Doug Hintze, head of the DOE's Environmental Management unit in its Los Alamos Field Office, defended the agency's work. He claimed they've made progress on a significant portion of sites marked for cleanup and removed about 36,000 50-gallon drums of waste. Still, he said, "the time we celebrate is when we transfer that last waste off-site or clean up that last groundwater."

The proposed tactic for the next consent order, called "a campaign approach," would define the scope of work from start to finish for a specific area or priority, like groundwater, and would allow for public input on prioritizing projects and proposed remedies, with the state making the final call.

"From the DOE's perspective, it all has to get done," Hintze said.

"My biggest fear is that through this revised consent order, the NMED is basically giving up on being in the driver's seat," Jay Coghlan, executive director of Nuclear Watch New Mexico, said during Thursday's meeting. Annual planning should be in the state's hands, he said. "I want you all dictating that. Not the DOE saying, 'This is what we think we can do.'"
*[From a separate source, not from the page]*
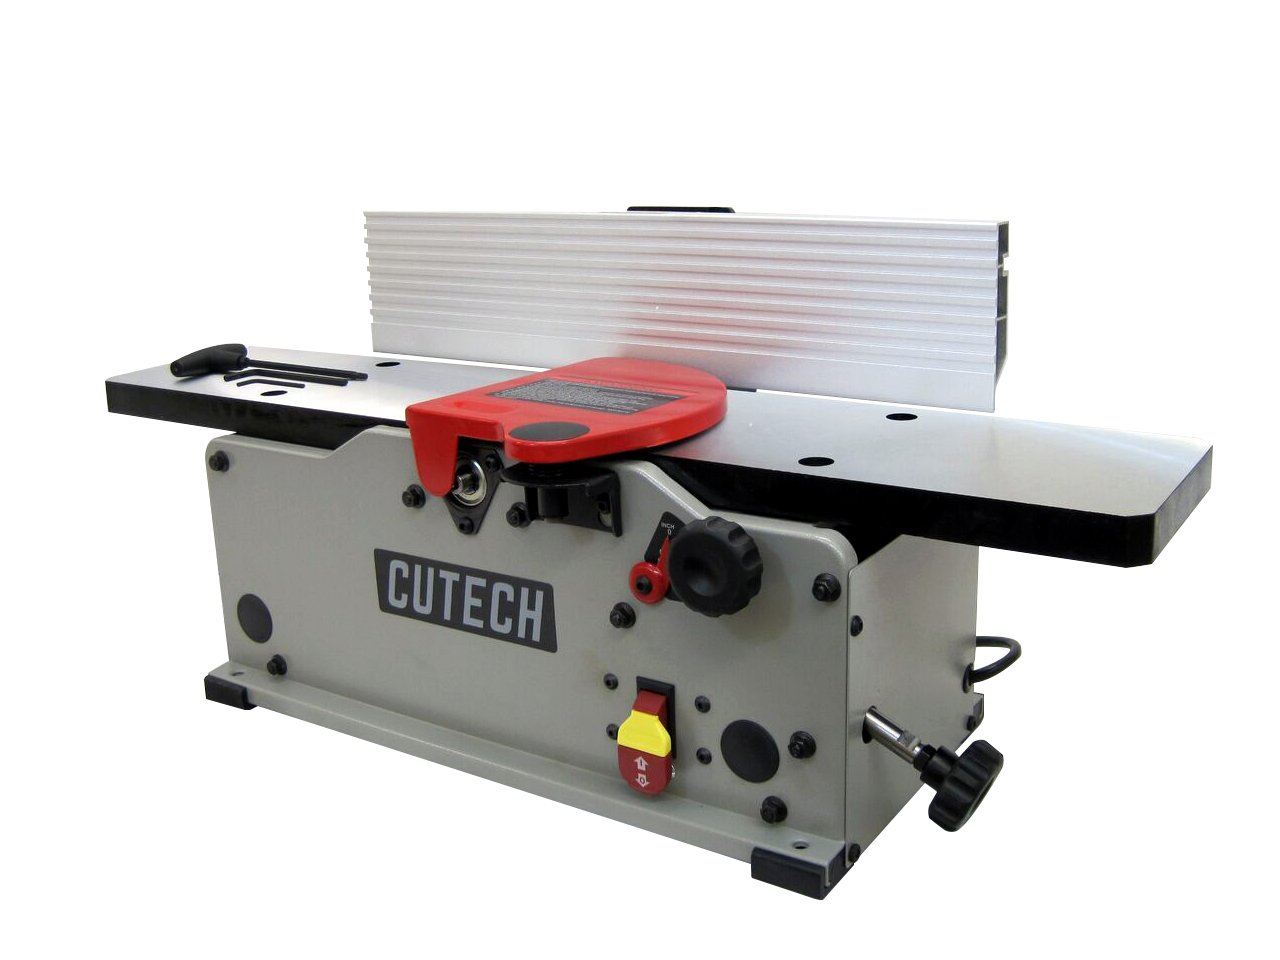 "Cutech 40160H-CT 6"" Bench Top Jointer"

Coghlan pointed to the Department of Energy's presence on the Government Accountability Office's high-risk list for 25 years as justifiying the skepticism.

"The department has a record of blown schedules and blown costs," he said.
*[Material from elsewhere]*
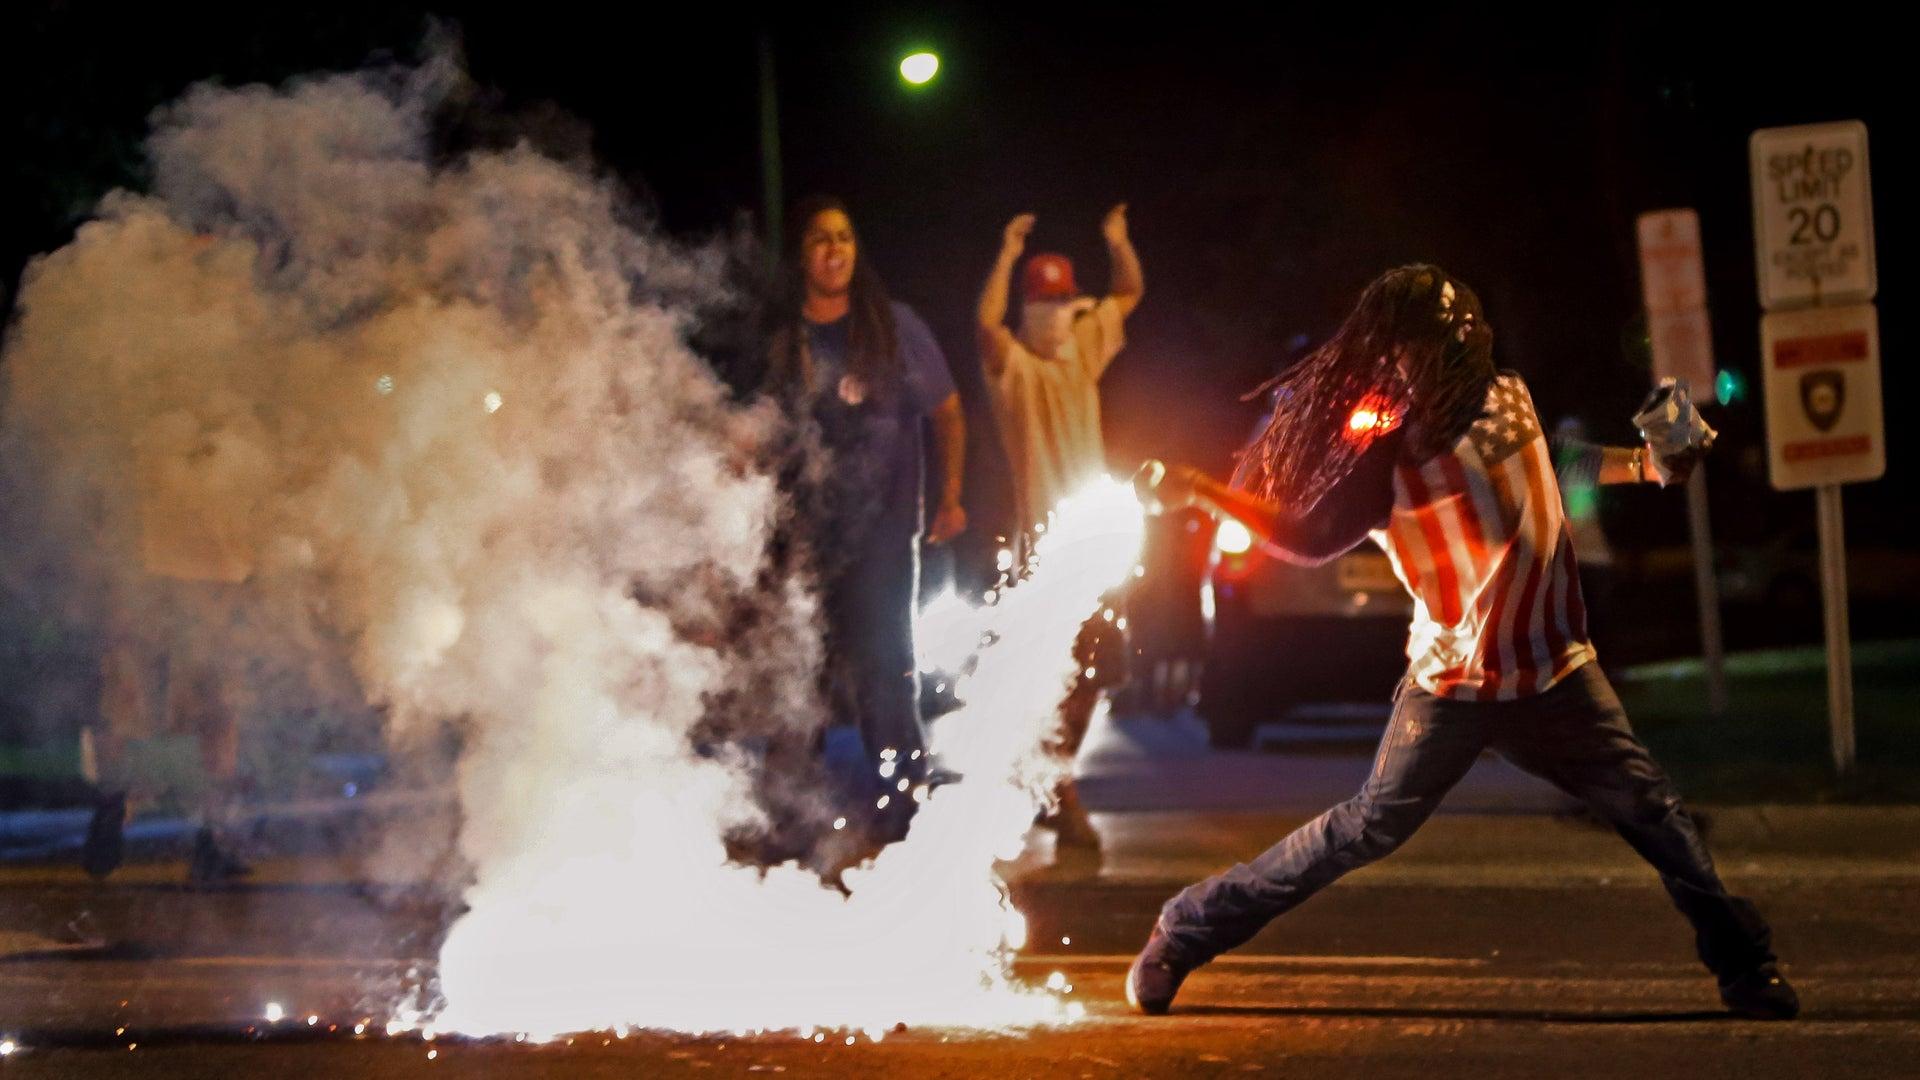 Edward Crawford, Ferguson Activist In Iconic Protest Photo, Found Dead

But none of the revisions will move forward until the DOE and the state environment department have settled on violations that led to a release of radioactive materials at the WIPP. The federal government pledged millions for improving roadways used to transport that waste, as well as for training, environmental studies and stormwater management at Los Alamos. The holdup now, Flynn said, is the schedule.

The WIPP may further be used as a bargaining chip. Nuclear waste sites in South Carolina and Washington are the "900-pound gorillas," Hintze said, and those places draw the bulk of the DOE's cleanup funding each year—amounts measured in the billions, rather than the millions, like for LANL. But those facilities want to send their waste to the WIPP, the nation's only long-term storage facility for soil, debris, clothing and tools that contain small amounts of radioactive elements.

Two years ago, a request to complete the 3706 campaign, which aimed to remove 3,706 cubic meters of transuranic waste that was stored aboveground at Area G, was "undermined" by the state of Washington, Flynn said. At that point, Washington's Hanford nuclear waste cleanup was facing a problem that had affected 60 of 177 underground storage tanks and was expected to spread.

"We have zero patience for Washington [state] saying they're going to send a bunch of waste to New Mexico when not only do they get the lion's share of the budget, but they also actually kill funding requests that are bound for Los Alamos and then have the audacity to suggest that we should be taking their waste," Flynn said. "As long as I'm secretary, that will not happen."

Editor's note: An earlier version of this story said 65 percent of lab money goes to new weapons projects. Not all the weapons projects are new.